Hong Kong: Events Outside Our Control – How Can Owners And Operators Contractually Control The Consequences?

Last Updated: 14 October 2014
Article by Andrew P.B. MacGeoch and Emily I.C. Wong
Most Read Contributor in Hong Kong, October 2018

Keywords: management contract

By definition a force majeure is an event outside the control of the parties. However, the parties to a hotel management contract can seek to control some of the consequences, including the allocation of risks, as between the hotel owner and operator.

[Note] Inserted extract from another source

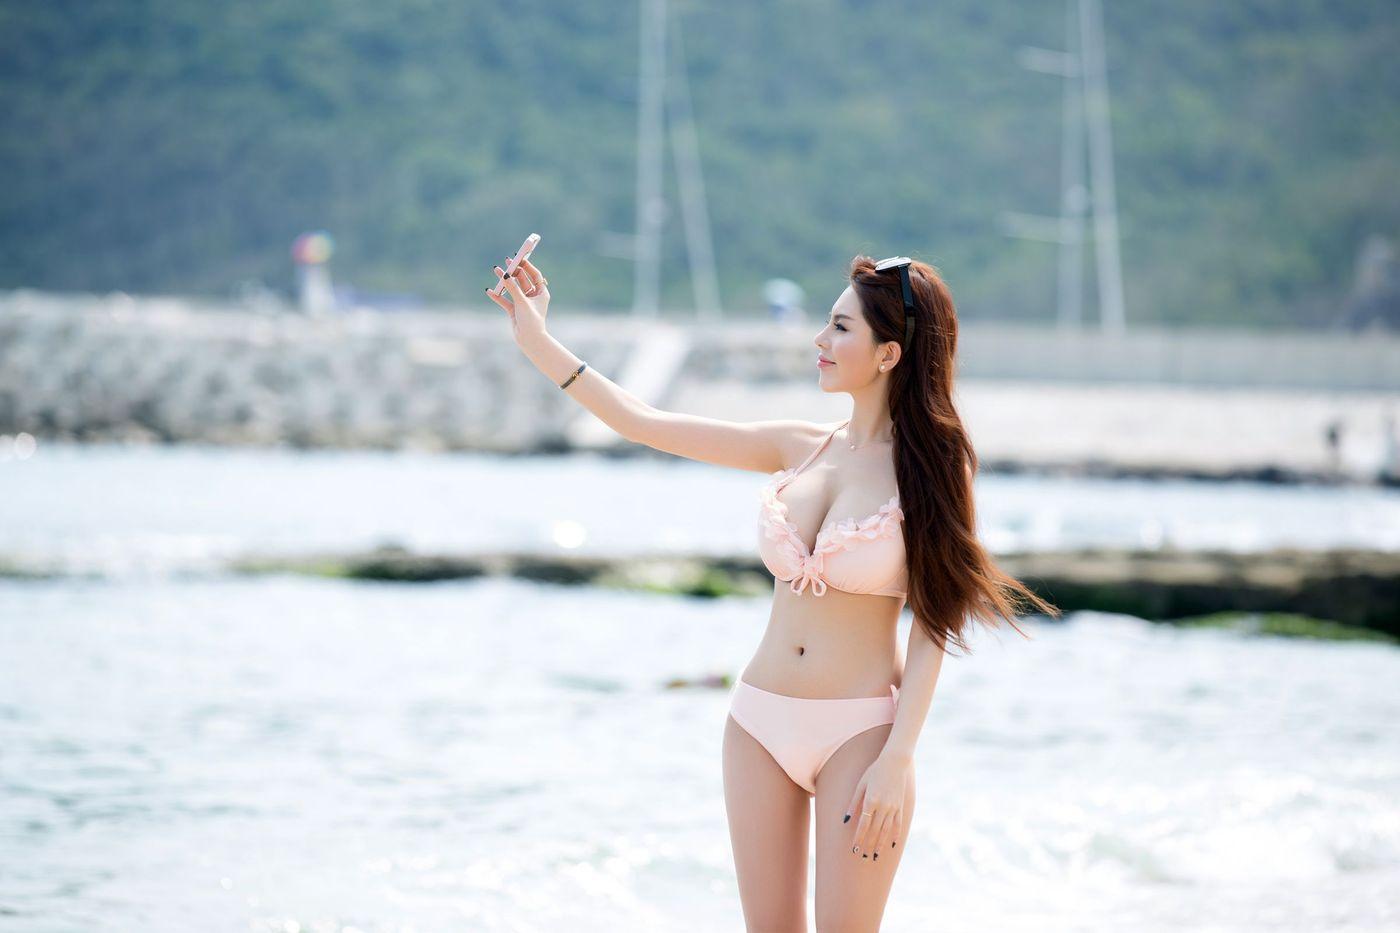 白嫩美女爆乳波涛胸涌比基尼沙滩美女嫩模推女郎-[赵惟依]超高清写真图片|1620126296更新

At the time of writing (3 October 2014), Hong Kong has endured a week of heightened political tension. Core roads in Central, Admiralty and Wanchai, as well as in other parts of Hong Kong, have been closed to vehicular traffic. Entrances to hotels, shops, restaurants and offices have been impacted. Guests arriving at some hotels may have found themselves needing more than just a nice hotel car from the airport. We have seen some guests receive a police escort. Others have been making creative use of Hong Kong's extensive network of tunnels, bridges and walkways to get to their destination. The old adage, "To travel hopefully is a better thing than to arrive", would be soft comfort to a hotel guest keen to arrive and to rest their weary head upon a luxury bed. On arrival at their hotel they might find not only the doorman there to greet them, but also a welcoming committee of hundreds or even thousands of protestors.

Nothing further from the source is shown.